His current research interests encompass heterogeneous catalysis, zeolites and porous materials, biomass valorisation, alkane activation chemistry, CO2 capture and conversion and more generally C1 chemistry.

Dr. Louis has co-authored 130 peer-reviewed papers, four book chapters and three patents. He was also guest Professor at the Federal University of Rio de Janeiro (2013-2018) in Brazil and at the Beijing Forestry University in China (2017-2018). He has received a number of prizes and awards, including the CNRS Bronze medal in 2009, the Catalysis Division Prize from the French Chemical Society (SCF) in 2013, becoming in the same year the first laureate of the Young Scientist Award in Acid-Base Catalysis (Tokyo, Japan), and the Guy Ourisson Prize of the University of Strasbourg, in 2015.

Project - Natural deep eutectic solvents for the preparation of chiral and catalytically active metal-organic frameworks (NaDesCatMOF)

01/11/2019 - 30/11/2021

Chirality is a central property in many different branches of science such as mathematics, biology, physics and chemistry. For example, enantiomeric molecules (chiral molecules that are mirror images of one another) can feature strikingly different biological or pharmaceutical activities, making their preparation in pure form an important issue. In nature, enzymes are able to readily perform reactions in an enantioselective fashion, while chemists have devised a wide range of asymmetric catalysts working under either homo- or heterogeneous conditions. In particular, chiral Metal-Organic Frameworks (MOFs), porous materials obtained from the assembly of metal nodes with organic bridging ligands, have been widely investigated for these purposes over the past few years. The main approach followed in the literature to promote homochirality in MOFs is the use of homochiral starting compounds, either the metallic nodes or, more commonly, the ligands. While this strategy has demonstrated its applicability, it involves first the tedious and often costly preparation of enantiopure organic molecules, followed by the preparation of the MOFs themselves and, finally, their in-depth characterisation, which amounts to a rather time-consuming process. It would thus be appealing, as an alternative path, to conduct the formation of chiral MOFs from achiral building blocks during the crystallisation process.
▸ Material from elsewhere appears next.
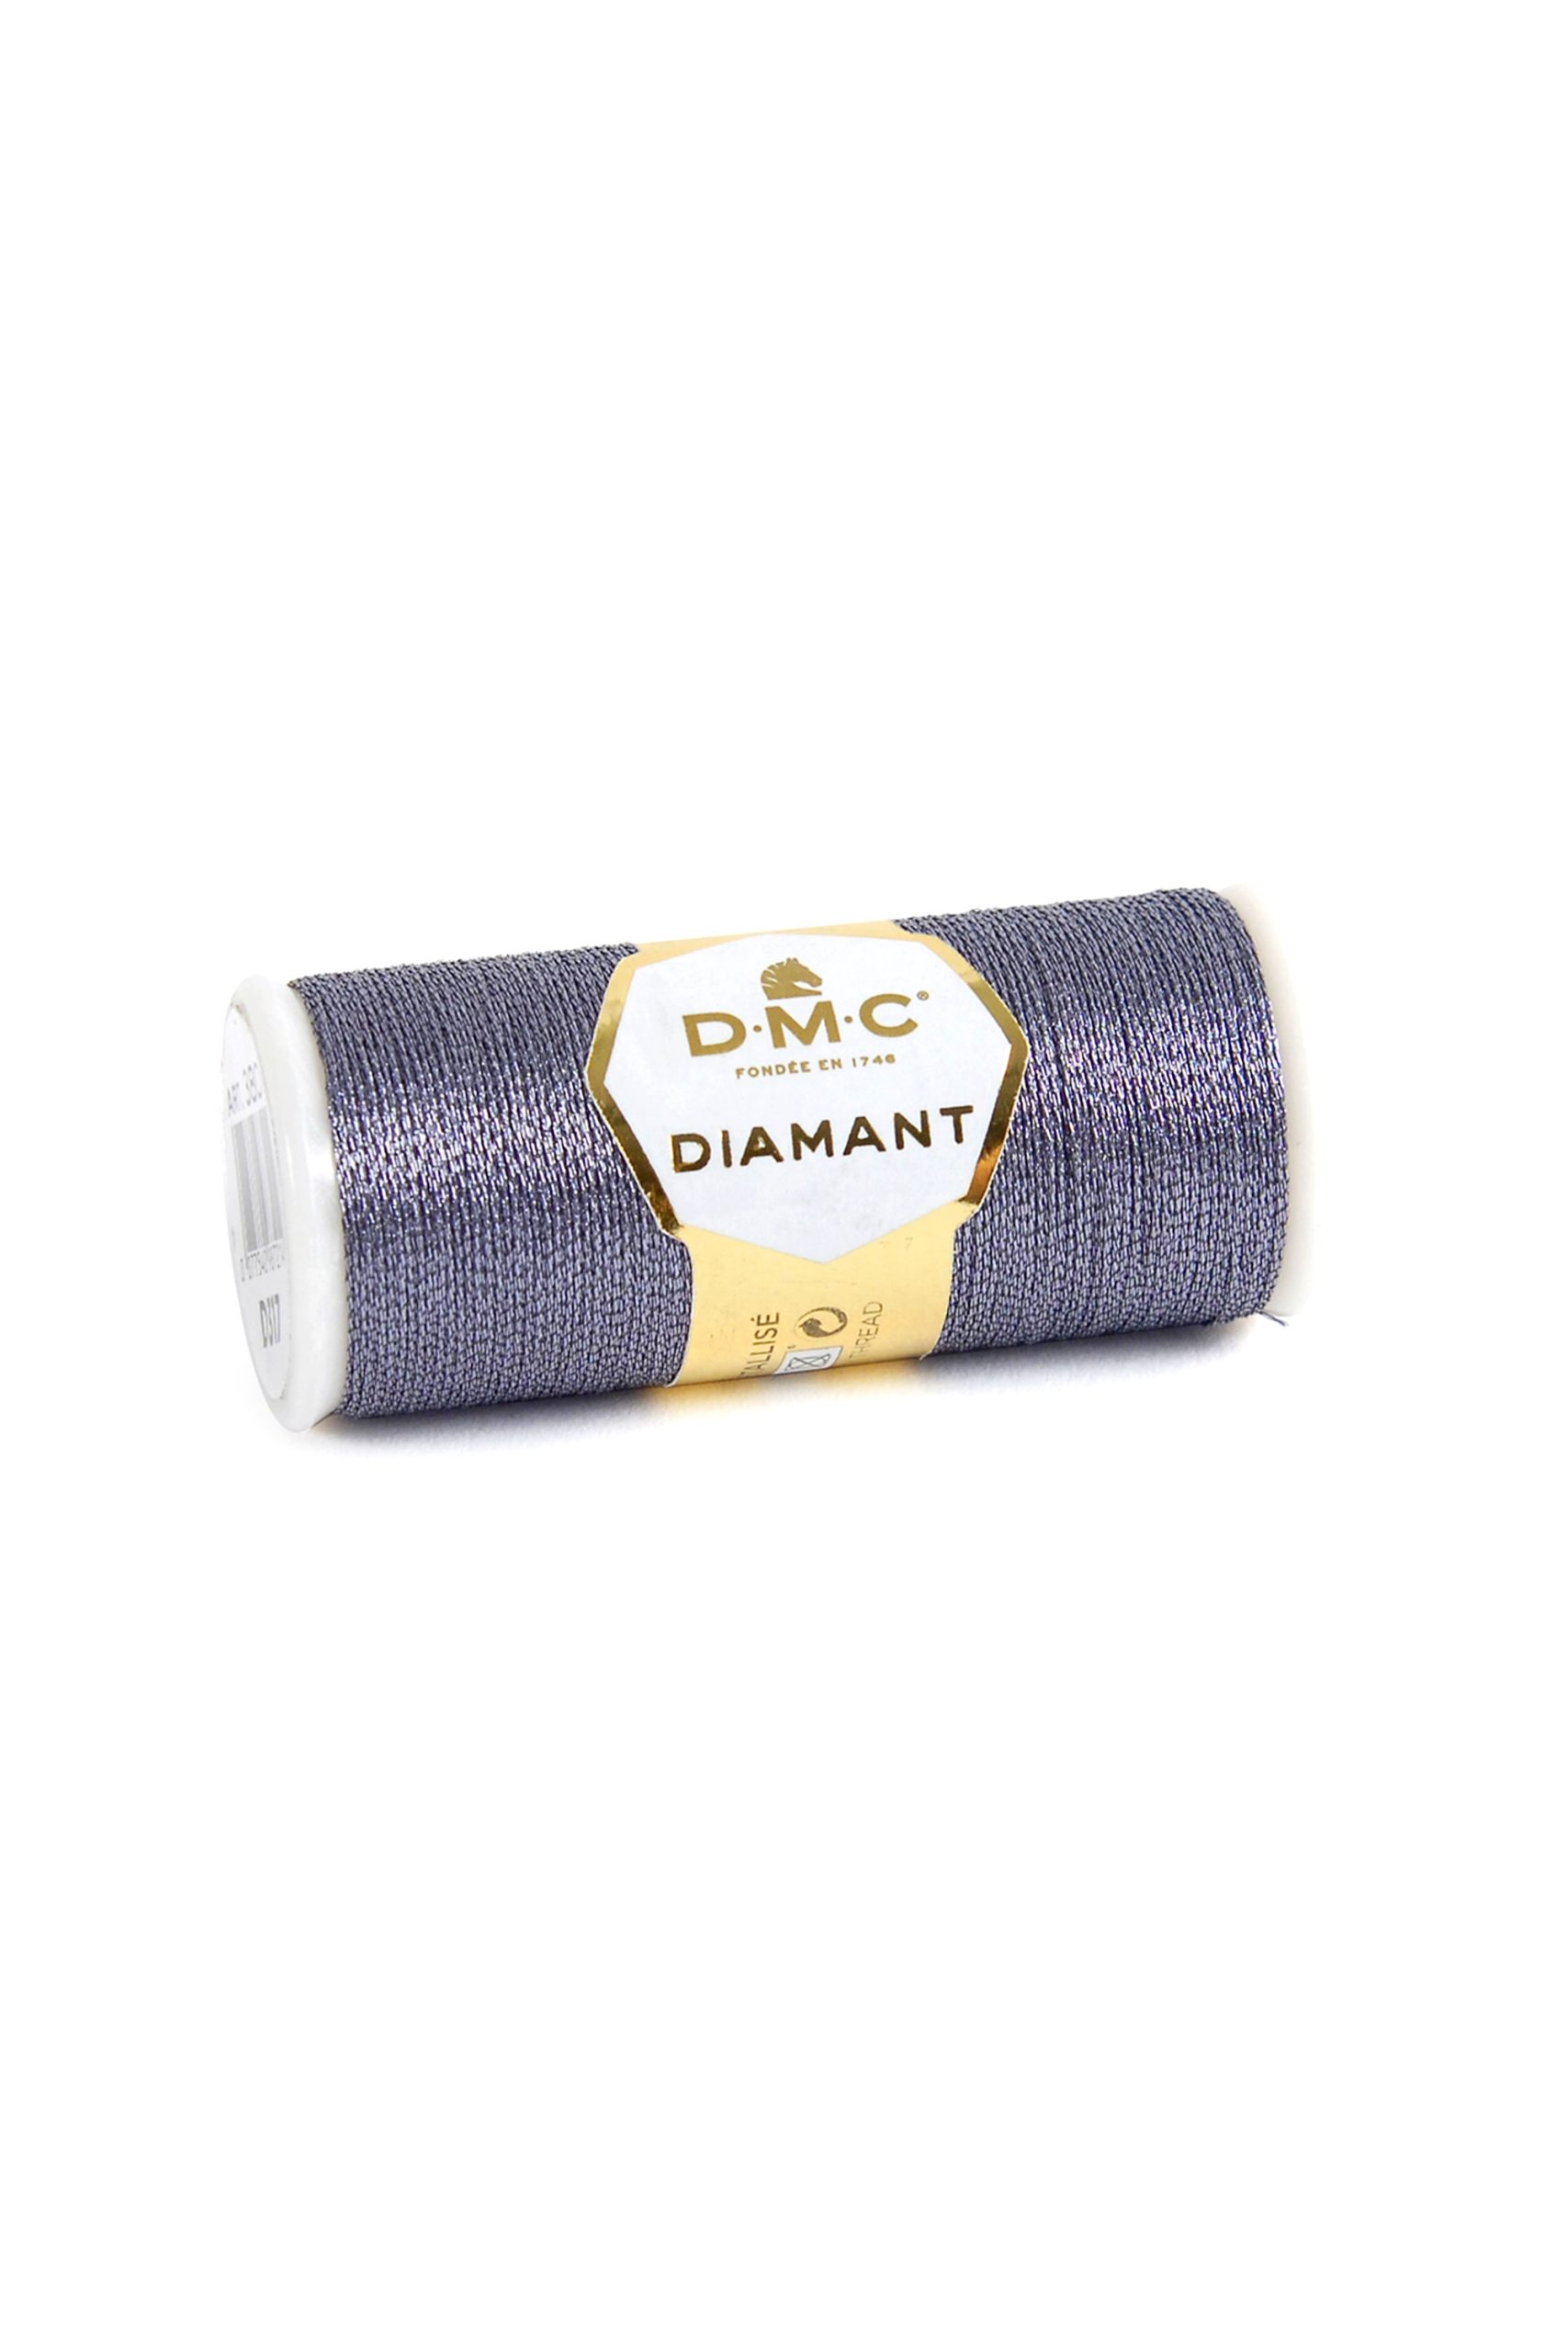 Filato Metallizzato Dmc Diamant Colore D317

While this process is known to sometimes occur, the issue is that conglomerates - mixtures of crystals with opposite handedness - are often formed. One possible way to avoid the formation of conglomerates relies on the use of a chiral environment or templating agent, such as the solvent used for the synthesis or the presence of an enantiopure additive, leading to a spontaneous resolution.

The goal of the NaDesCatMOF project is to address this issue by investigating the possibility to use an emerging class of green reaction media, which can be obtained from cheap and abundant natural compounds readily accessible in enantiopure form, for chiral induction during the crystallisation process of MOFs. The reactivity of these materials as catalysts for enantioselective transformations will then be investigated.